PROBLEM REQUIREMENTS → Write down every entry below once more, exactly.

[Records from a data source]

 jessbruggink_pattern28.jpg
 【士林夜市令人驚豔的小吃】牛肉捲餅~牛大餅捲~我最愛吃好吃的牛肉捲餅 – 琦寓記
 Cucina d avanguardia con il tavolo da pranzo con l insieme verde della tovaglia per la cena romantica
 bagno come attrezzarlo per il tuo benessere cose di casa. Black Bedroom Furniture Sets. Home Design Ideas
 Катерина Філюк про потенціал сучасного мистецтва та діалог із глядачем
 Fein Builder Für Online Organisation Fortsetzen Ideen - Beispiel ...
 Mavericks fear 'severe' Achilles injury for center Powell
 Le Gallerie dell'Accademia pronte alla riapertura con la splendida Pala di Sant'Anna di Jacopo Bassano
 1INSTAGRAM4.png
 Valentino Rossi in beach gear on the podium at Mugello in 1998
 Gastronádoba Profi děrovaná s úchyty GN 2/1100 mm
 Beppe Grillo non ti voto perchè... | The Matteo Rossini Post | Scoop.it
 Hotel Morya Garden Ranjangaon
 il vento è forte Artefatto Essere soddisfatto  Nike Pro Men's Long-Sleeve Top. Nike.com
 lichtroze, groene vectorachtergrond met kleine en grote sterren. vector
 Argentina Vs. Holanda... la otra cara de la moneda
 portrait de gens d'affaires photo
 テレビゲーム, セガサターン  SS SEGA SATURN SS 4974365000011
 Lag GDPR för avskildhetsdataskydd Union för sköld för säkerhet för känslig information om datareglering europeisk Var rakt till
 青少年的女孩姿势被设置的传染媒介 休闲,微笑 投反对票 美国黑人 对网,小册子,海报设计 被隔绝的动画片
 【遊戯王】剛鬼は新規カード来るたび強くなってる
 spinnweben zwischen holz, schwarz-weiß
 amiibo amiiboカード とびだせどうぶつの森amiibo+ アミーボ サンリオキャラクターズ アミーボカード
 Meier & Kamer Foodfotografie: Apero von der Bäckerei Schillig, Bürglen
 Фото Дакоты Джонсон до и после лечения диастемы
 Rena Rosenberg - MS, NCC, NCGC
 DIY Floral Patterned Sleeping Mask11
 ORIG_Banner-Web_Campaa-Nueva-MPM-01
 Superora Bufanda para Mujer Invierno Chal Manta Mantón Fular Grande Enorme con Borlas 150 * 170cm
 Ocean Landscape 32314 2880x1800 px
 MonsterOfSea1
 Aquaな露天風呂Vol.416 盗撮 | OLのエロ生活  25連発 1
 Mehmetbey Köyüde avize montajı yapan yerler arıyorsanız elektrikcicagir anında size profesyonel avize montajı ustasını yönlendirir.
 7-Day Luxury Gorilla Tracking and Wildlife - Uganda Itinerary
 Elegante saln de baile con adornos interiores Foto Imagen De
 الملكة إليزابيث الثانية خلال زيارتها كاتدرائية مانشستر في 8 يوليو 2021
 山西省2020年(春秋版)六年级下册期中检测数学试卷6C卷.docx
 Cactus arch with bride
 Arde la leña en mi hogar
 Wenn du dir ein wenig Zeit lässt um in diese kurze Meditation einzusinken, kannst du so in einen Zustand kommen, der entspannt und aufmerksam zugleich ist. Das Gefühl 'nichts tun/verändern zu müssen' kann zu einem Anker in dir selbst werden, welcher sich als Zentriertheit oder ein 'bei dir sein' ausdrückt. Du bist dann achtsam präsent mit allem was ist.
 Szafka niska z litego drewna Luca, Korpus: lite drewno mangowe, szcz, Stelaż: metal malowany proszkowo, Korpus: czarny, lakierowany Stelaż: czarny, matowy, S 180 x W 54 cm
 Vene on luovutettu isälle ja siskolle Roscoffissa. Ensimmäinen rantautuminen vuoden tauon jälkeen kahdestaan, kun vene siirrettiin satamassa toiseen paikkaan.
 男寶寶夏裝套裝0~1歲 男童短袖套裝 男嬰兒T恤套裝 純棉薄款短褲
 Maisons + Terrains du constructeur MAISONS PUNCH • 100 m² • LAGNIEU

SOLVED EXERCISE →
 jessbruggink_pattern28.jpg
 【士林夜市令人驚豔的小吃】牛肉捲餅~牛大餅捲~我最愛吃好吃的牛肉捲餅 – 琦寓記
 Cucina d avanguardia con il tavolo da pranzo con l insieme verde della tovaglia per la cena romantica
 bagno come attrezzarlo per il tuo benessere cose di casa. Black Bedroom Furniture Sets. Home Design Ideas
 Катерина Філюк про потенціал сучасного мистецтва та діалог із глядачем
 Fein Builder Für Online Organisation Fortsetzen Ideen - Beispiel ...
 Mavericks fear 'severe' Achilles injury for center Powell
 Le Gallerie dell'Accademia pronte alla riapertura con la splendida Pala di Sant'Anna di Jacopo Bassano
 1INSTAGRAM4.png
 Valentino Rossi in beach gear on the podium at Mugello in 1998
 Gastronádoba Profi děrovaná s úchyty GN 2/1100 mm
 Beppe Grillo non ti voto perchè... | The Matteo Rossini Post | Scoop.it
 Hotel Morya Garden Ranjangaon
 il vento è forte Artefatto Essere soddisfatto  Nike Pro Men's Long-Sleeve Top. Nike.com
 lichtroze, groene vectorachtergrond met kleine en grote sterren. vector
 Argentina Vs. Holanda... la otra cara de la moneda
 portrait de gens d'affaires photo
 テレビゲーム, セガサターン  SS SEGA SATURN SS 4974365000011
 Lag GDPR för avskildhetsdataskydd Union för sköld för säkerhet för känslig information om datareglering europeisk Var rakt till
 青少年的女孩姿势被设置的传染媒介 休闲,微笑 投反对票 美国黑人 对网,小册子,海报设计 被隔绝的动画片
 【遊戯王】剛鬼は新規カード来るたび強くなってる
 spinnweben zwischen holz, schwarz-weiß
 amiibo amiiboカード とびだせどうぶつの森amiibo+ アミーボ サンリオキャラクターズ アミーボカード
 Meier & Kamer Foodfotografie: Apero von der Bäckerei Schillig, Bürglen
 Фото Дакоты Джонсон до и после лечения диастемы
 Rena Rosenberg - MS, NCC, NCGC
 DIY Floral Patterned Sleeping Mask11
 ORIG_Banner-Web_Campaa-Nueva-MPM-01
 Superora Bufanda para Mujer Invierno Chal Manta Mantón Fular Grande Enorme con Borlas 150 * 170cm
 Ocean Landscape 32314 2880x1800 px
 MonsterOfSea1
 Aquaな露天風呂Vol.416 盗撮 | OLのエロ生活  25連発 1
 Mehmetbey Köyüde avize montajı yapan yerler arıyorsanız elektrikcicagir anında size profesyonel avize montajı ustasını yönlendirir.
 7-Day Luxury Gorilla Tracking and Wildlife - Uganda Itinerary
 Elegante saln de baile con adornos interiores Foto Imagen De
 الملكة إليزابيث الثانية خلال زيارتها كاتدرائية مانشستر في 8 يوليو 2021
 山西省2020年(春秋版)六年级下册期中检测数学试卷6C卷.docx
 Cactus arch with bride
 Arde la leña en mi hogar
 Wenn du dir ein wenig Zeit lässt um in diese kurze Meditation einzusinken, kannst du so in einen Zustand kommen, der entspannt und aufmerksam zugleich ist. Das Gefühl 'nichts tun/verändern zu müssen' kann zu einem Anker in dir selbst werden, welcher sich als Zentriertheit oder ein 'bei dir sein' ausdrückt. Du bist dann achtsam präsent mit allem was ist.
 Szafka niska z litego drewna Luca, Korpus: lite drewno mangowe, szcz, Stelaż: metal malowany proszkowo, Korpus: czarny, lakierowany Stelaż: czarny, matowy, S 180 x W 54 cm
 Vene on luovutettu isälle ja siskolle Roscoffissa. Ensimmäinen rantautuminen vuoden tauon jälkeen kahdestaan, kun vene siirrettiin satamassa toiseen paikkaan.
 男寶寶夏裝套裝0~1歲 男童短袖套裝 男嬰兒T恤套裝 純棉薄款短褲
 Maisons + Terrains du constructeur MAISONS PUNCH • 100 m² • LAGNIEU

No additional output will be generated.